Puns are the higher form of humor. YAY


----------



## Sa967St (Aug 28, 2010)

r_517 said:


> i made myself a 1x1x1 key ring last year
> 
> a bit crude though


I made 1x1x1 earrings out of keychain corner cubies last year.


----------



## Hadley4000 (Aug 28, 2010)

A fully functional 1x1x1 is possible. I had a discussion with Chris Tran(4chan) about it. There really is a way.


----------



## XXGeneration (Aug 28, 2010)

It's a pretty easy puzzle.


----------



## Lorken (Aug 29, 2010)

Ok, I get the point, it was a pretty stupid question, what I was trying to get at was, What do you do with it? is it only just a novelty cube or is there something people do with them?


----------



## Chapuunka (Aug 29, 2010)

Lorken said:


> Ok, I get the point, it was a pretty stupid question, what I was trying to get at was, What do you do with it? is it only just a novelty cube or is there something people do with them?
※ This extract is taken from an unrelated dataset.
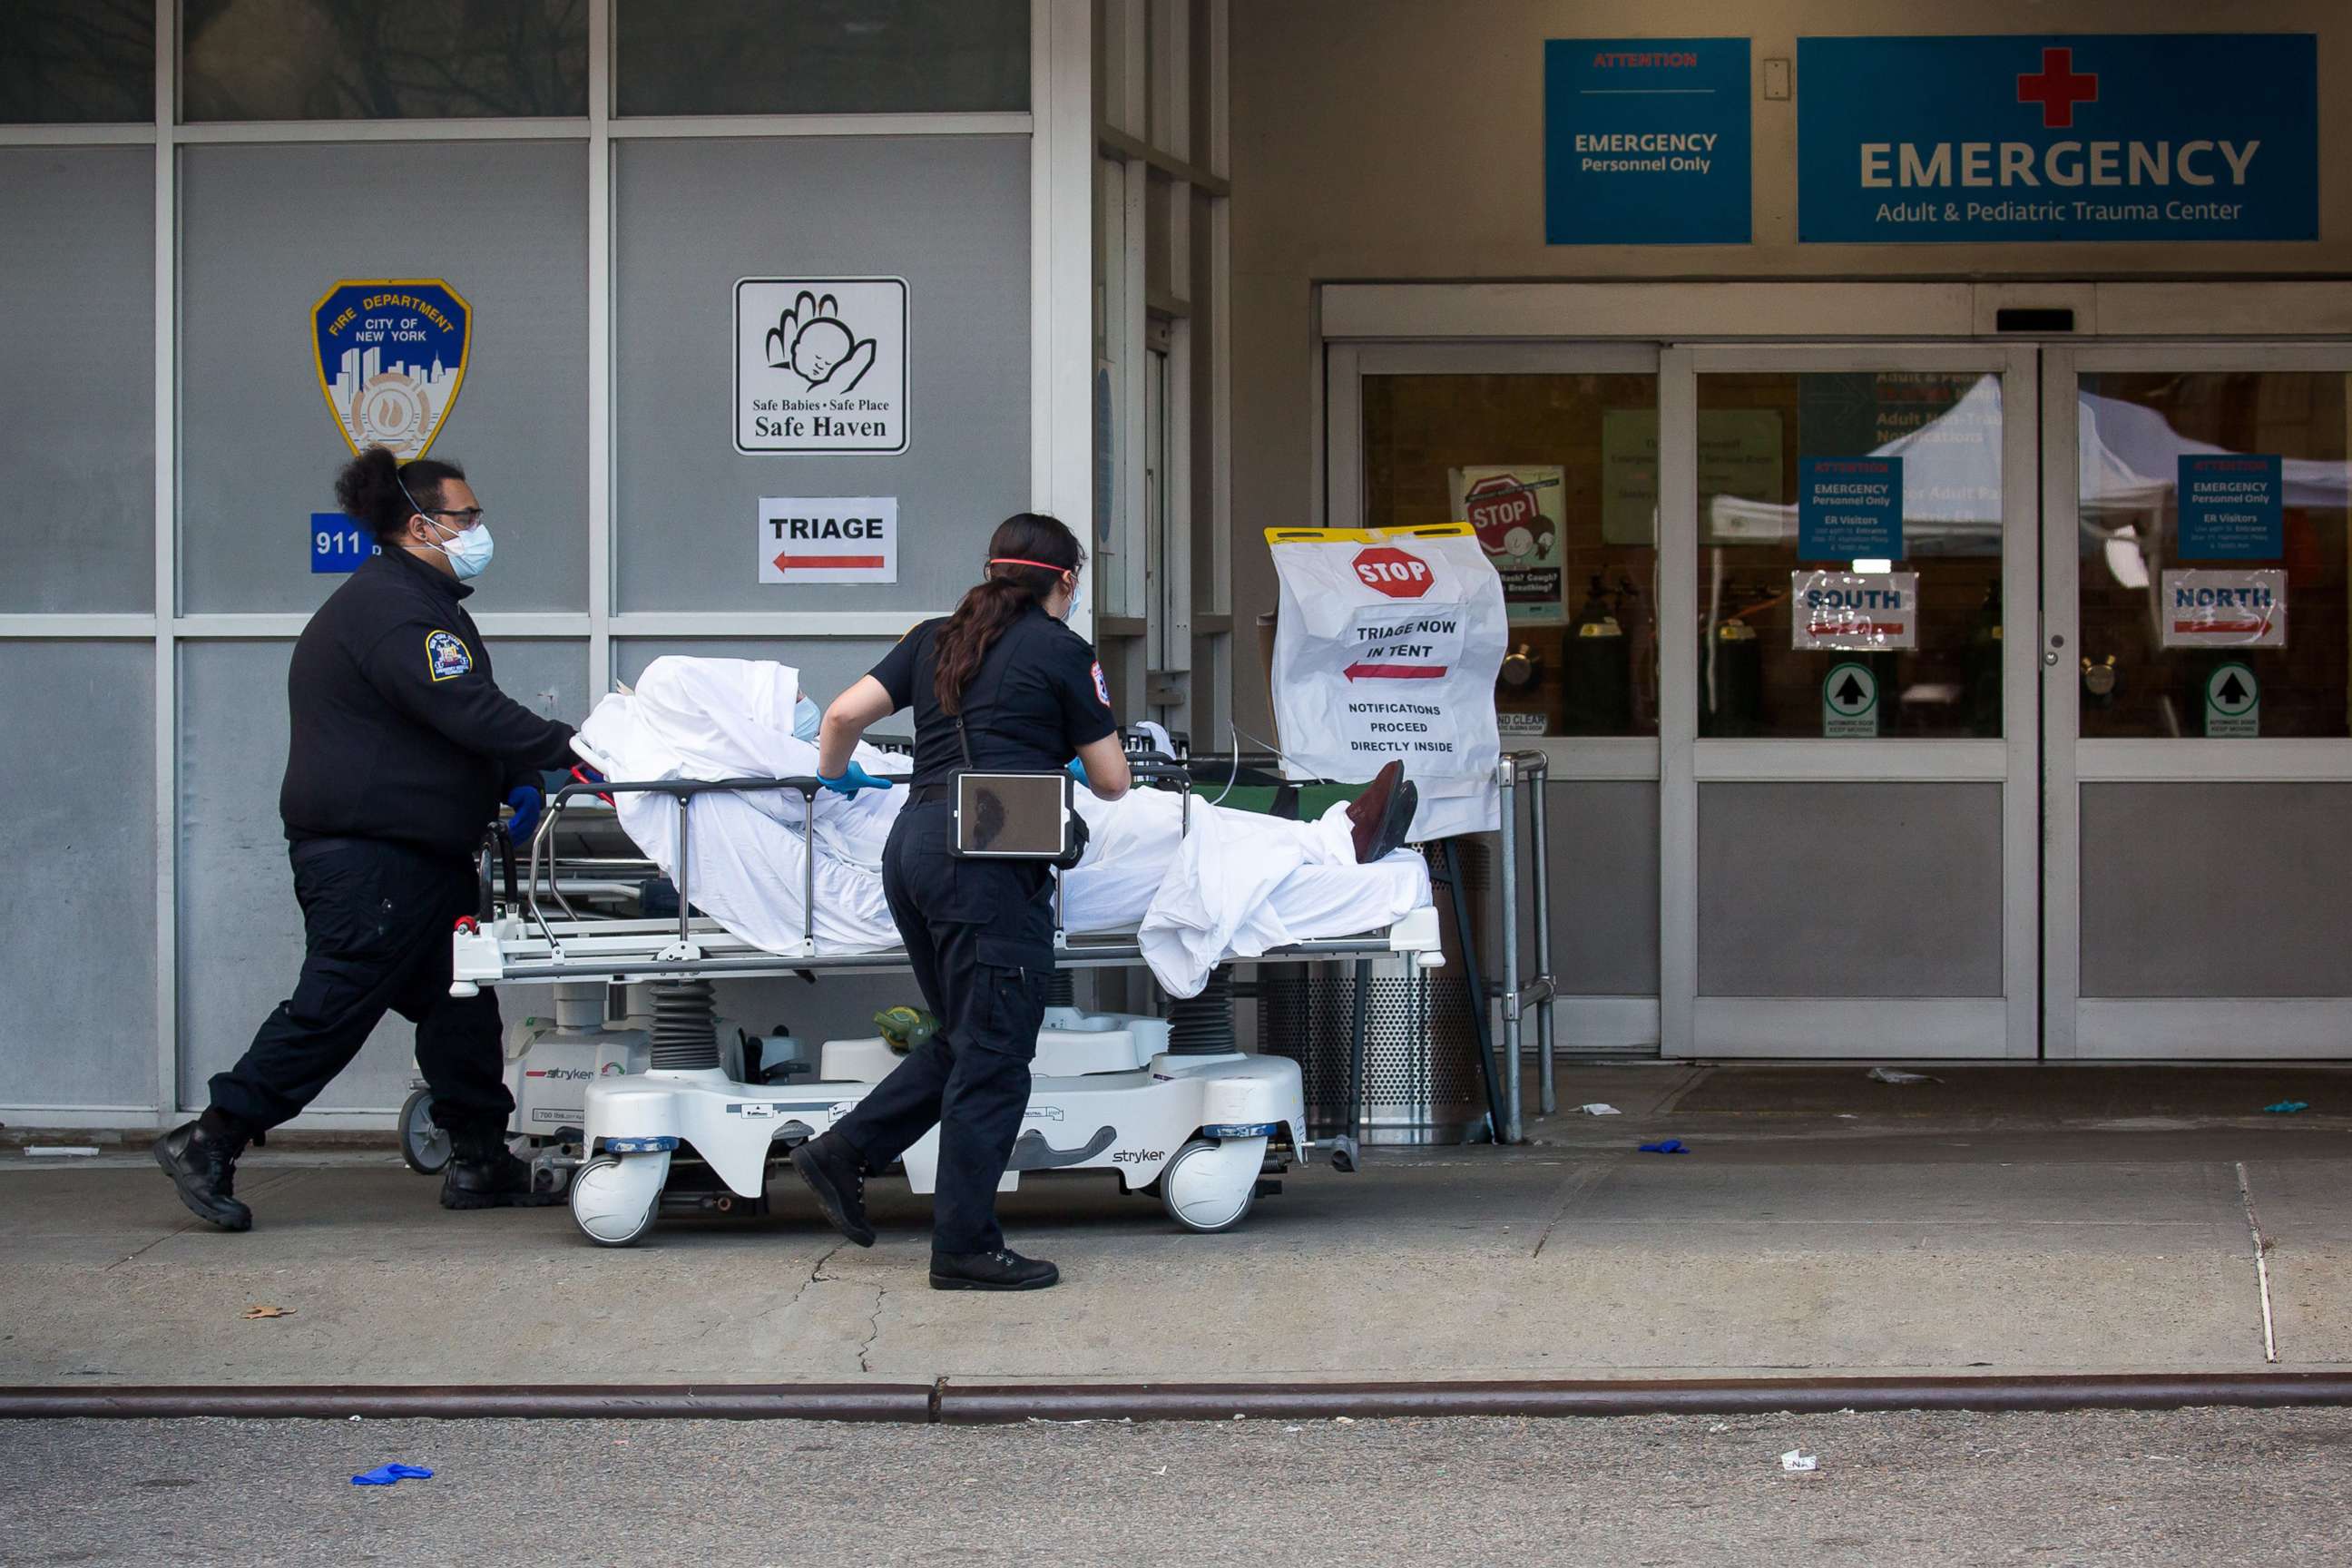 PHOTO: Healthcare workers bring a patient into the emergency room at Maimonides Medical Center during the coronavirus pandemic in Brooklyn, New York, April 8, 2020.

The oh-so-controversial color neutral game. Or giving your non-cuber friends the confidence of being able to solve it.


----------



## Whyusosrs? (Aug 29, 2010)

I like sitting there and turning it. When people ask I say I'm trying to solve it and ask if they could be quiet please. If they keep watching get angry at it and then they will ask if they could try it. Hand it to them and watch them stare at it in confusement.


----------



## Andrew Ricci (Aug 29, 2010)

Sa967St said:


> r_517 said:
> 
> 
> > i made myself a 1x1x1 key ring last year
> ...



 

That is so win.


----------